I can't check out the branch, so I can't simply git rm
. I tried git clone --single-branch --branch 2.3.4
but, no surprise here, I got the same error. Exactly what I was expecting. So I cloned with git --sparse
, but to my surprise, that still didn't work. The default sparse patterns:
/*
!/*/
Should mean that only the top-level files get checked out, but not anything under MPC
. However, when I try to check out the branch, I still get the same errors about that .git
directory, and the top-level of the working copy is completely empty. I've tried adding specific excludes such as !.git
, !\.git
, !.git/
, !\.git/
!MCP
, !/MPC
, !/MPC/.git
, !/MPC/\.git
, !/MPC/.git/
, !/MPC/\.git/
!/*/.git
, !/*/\.git
, !/*/.git/
, and !/*/\.git/
, and even more than that, but every pattern I try just gives me this error:
warning: unrecognized pattern: [the pattern I tried]

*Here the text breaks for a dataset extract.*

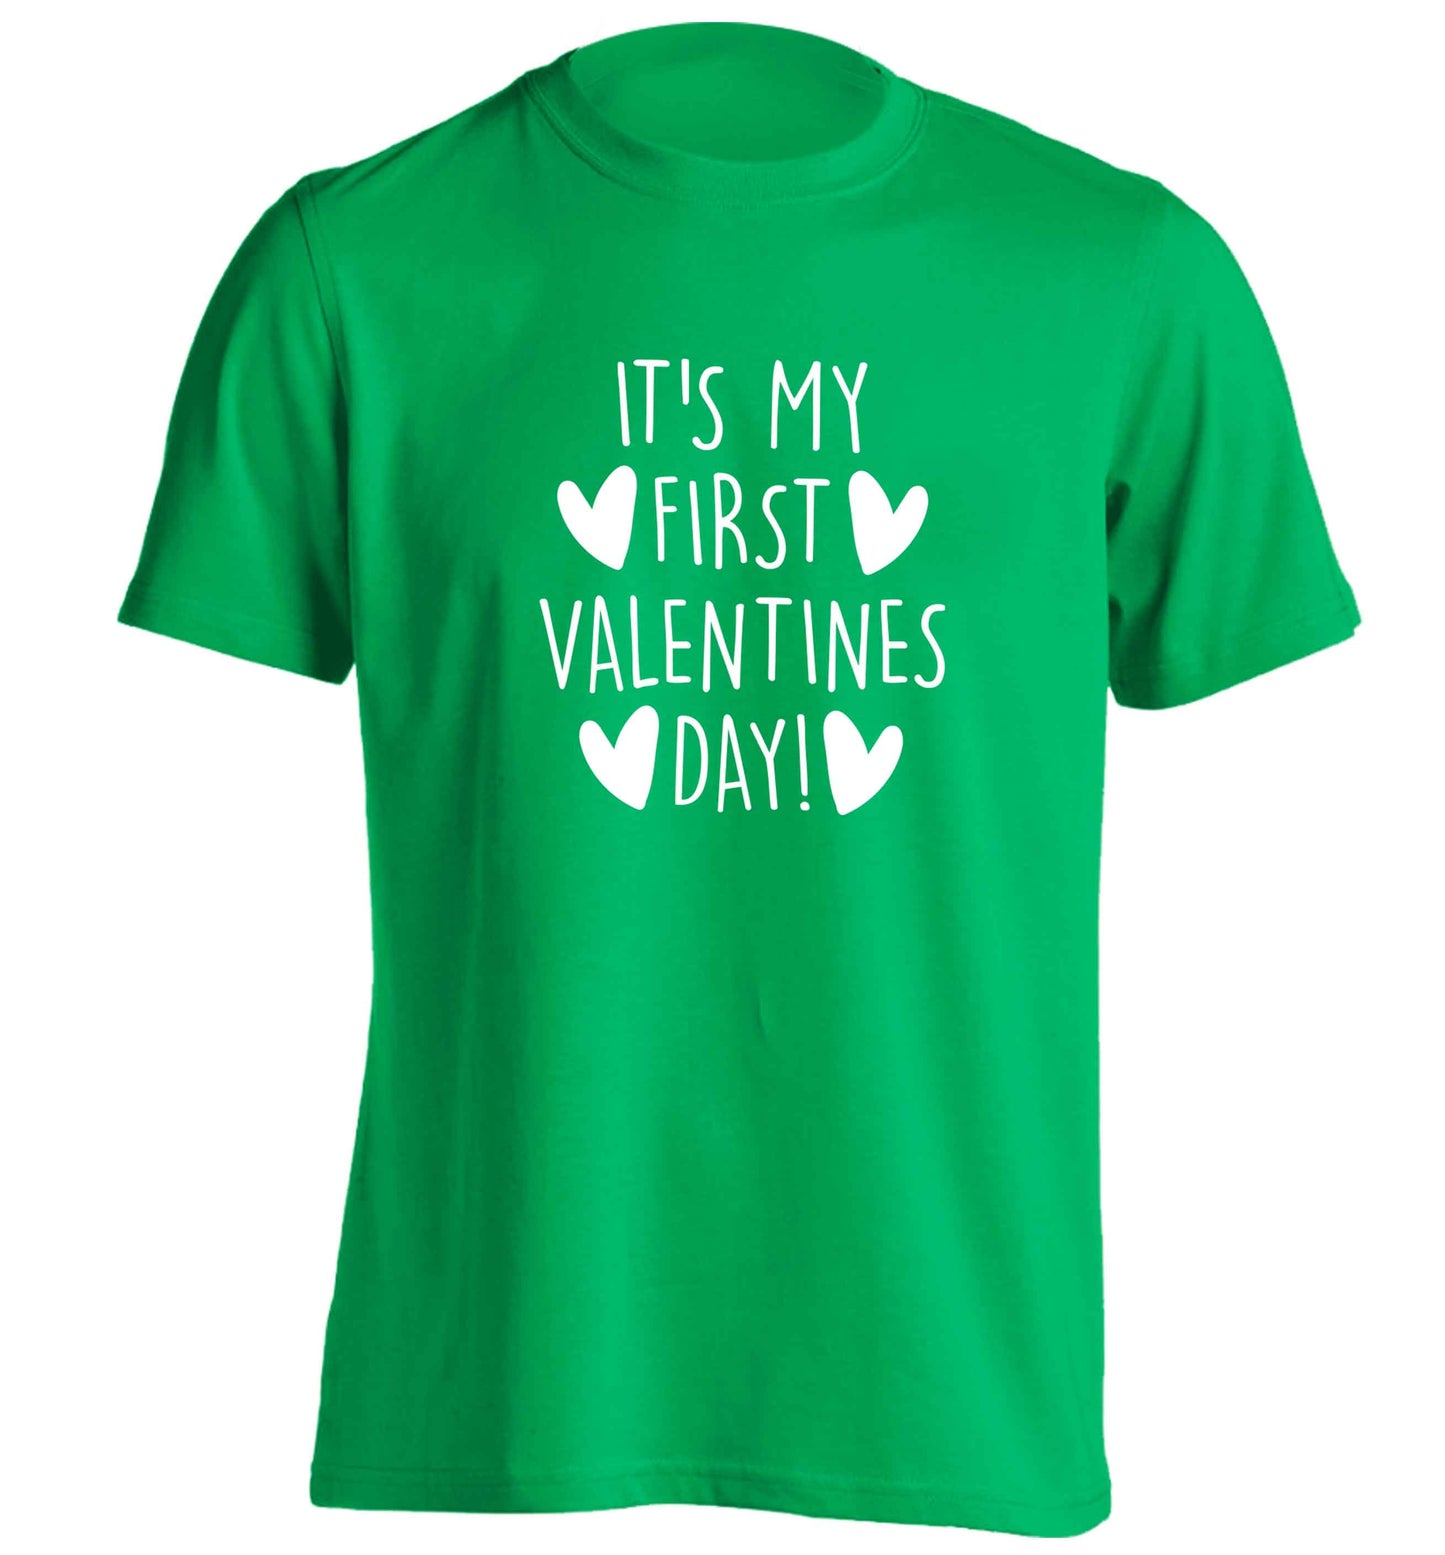 It's my first valentines day! adults unisex green Tshirt 2XL

warning: disabling cone pattern matching
error: invalid path 'MPC/.git/HEAD'
...
Or:
warning: unrecognized negative pattern: [the pattern I tried]

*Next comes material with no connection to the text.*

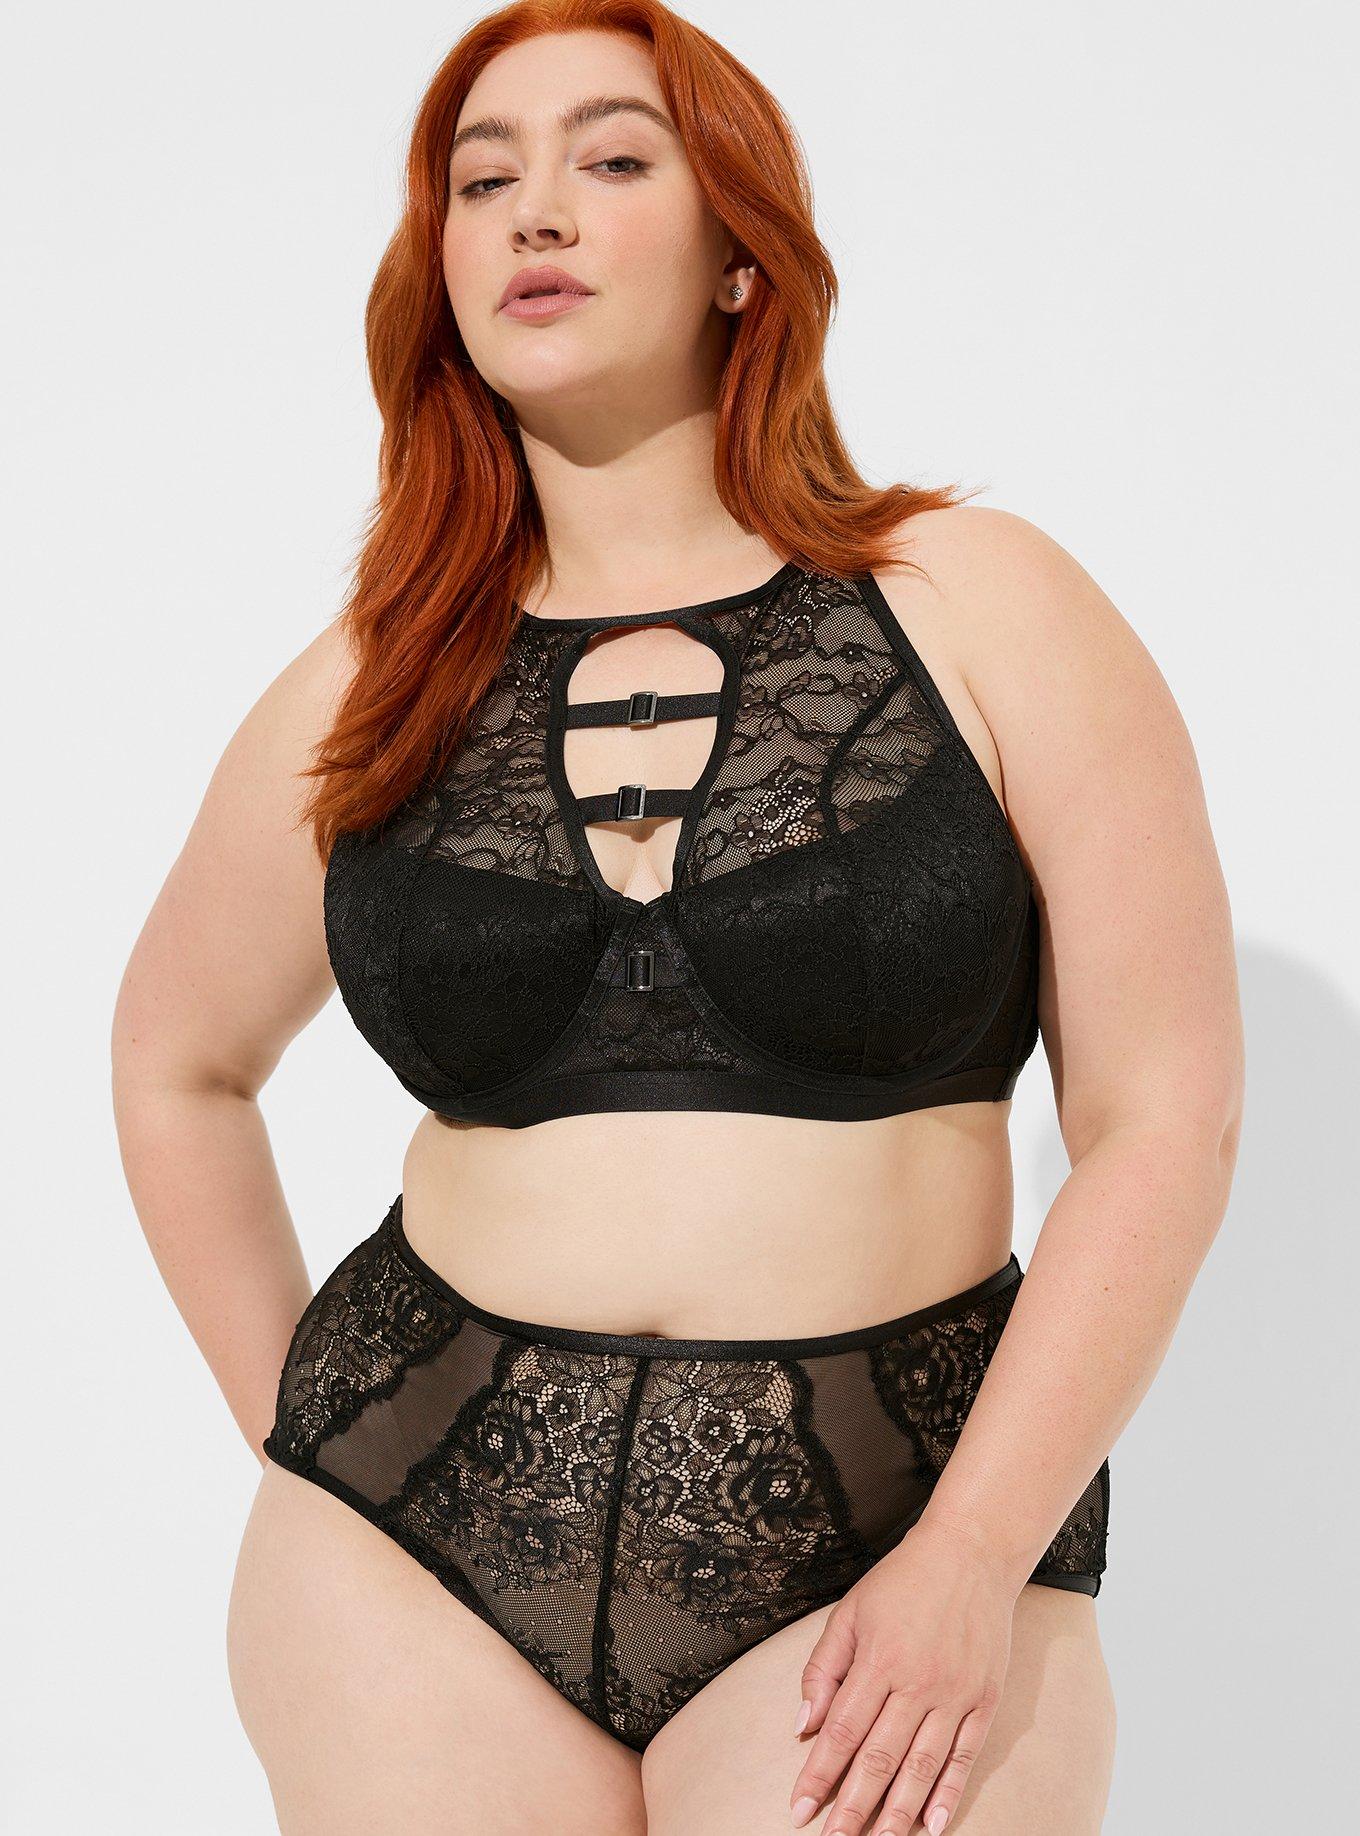 Torrid Lace High-Rise Cheeky Panty - 10630466

warning: disabling cone pattern matching
error: invalid path 'MPC/.git/HEAD'
...
I do wonder if some combination of git mktree
, git write-tree
, and/or git commit-tree
can help me here, but I don't even know where to start with those commands.

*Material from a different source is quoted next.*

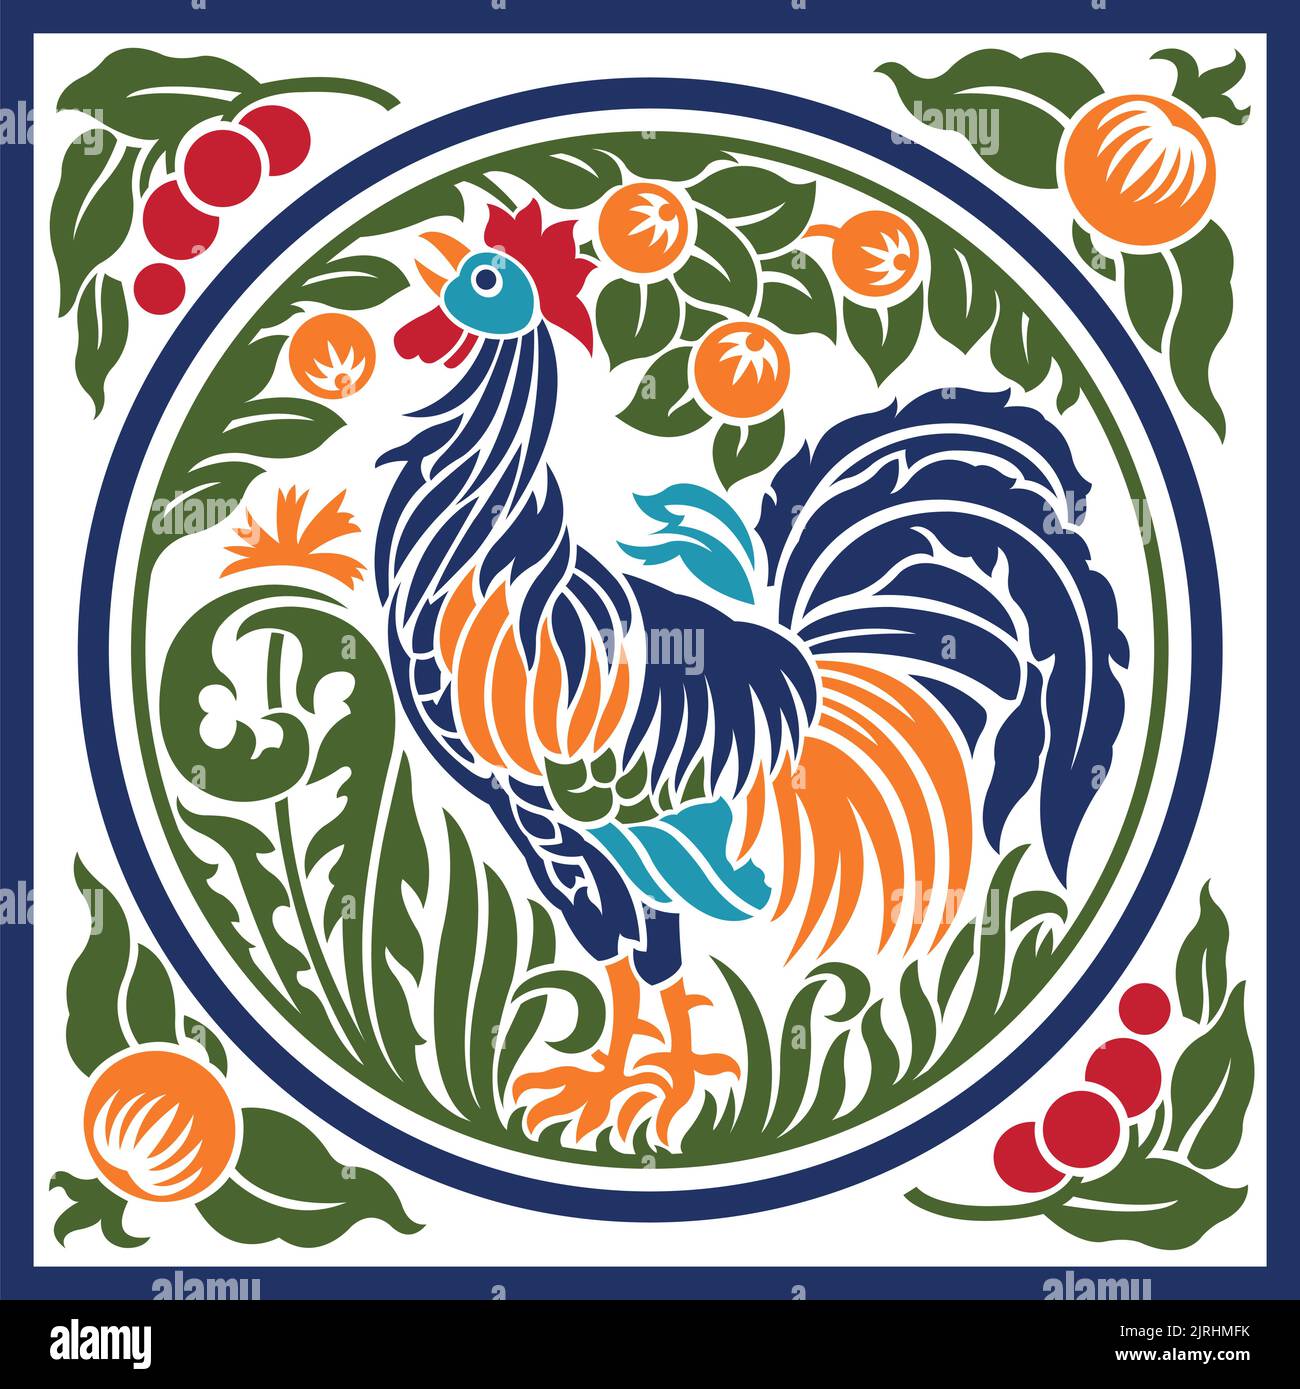 A vintage vector illustration of a crowing rooster surrounded by a garden. Stock Vector

To be clear ... if this becomes a show-stopper issue for my team and I can't find an easier solution, I will archive all new commits to this repo, re-migrate it, and re-apply all new commits. But I don't want to do that if I don't absolutely have to. That's days of time down the drain. There's gotta be a way to delete this ... right?
Upvotes: 1
Views: 106
Reputation: 489708
Unfortunately, no existing commit can ever be changed. Fixing this means rewriting history, e.g., using git filter-repo
(the newfangled thing that replaces the oldfangled git filter-branch
).
There's a pretty high (and clear) cost to this kind of history rewrite: everyone has to abandon the original repository, and all of its clones, in favor of the new rewritten repository. So if you can live with the bad commit continuing to exist, you might want to do that. On the other hand, the "fix the repository" thing is a one-time flag-day.
You can clone the repository without checking out the "bad" commit, then make a new "good" commit that's basically the bad commit minus the .git
directory, with the parent being the "bad" commit at the tip of the old branch, and make the branch name select the new good commit. Actually achieving the new good commit is a bit of an exercise in frustration since you'll need to extract the bad commit without extracting the bad commit. I'd poke around with git archive
and maybe even git fast-export
here, and if all else fails, build a hacked up Git that has the "bad directory .git
" checking snipped out, so that you can run hacked-git checkout
to check out the bad commit, then git rm -r MPC/.git
and git commit
(or hacked-git
if/as needed for the git rm
step, depending on whether the code triggers here).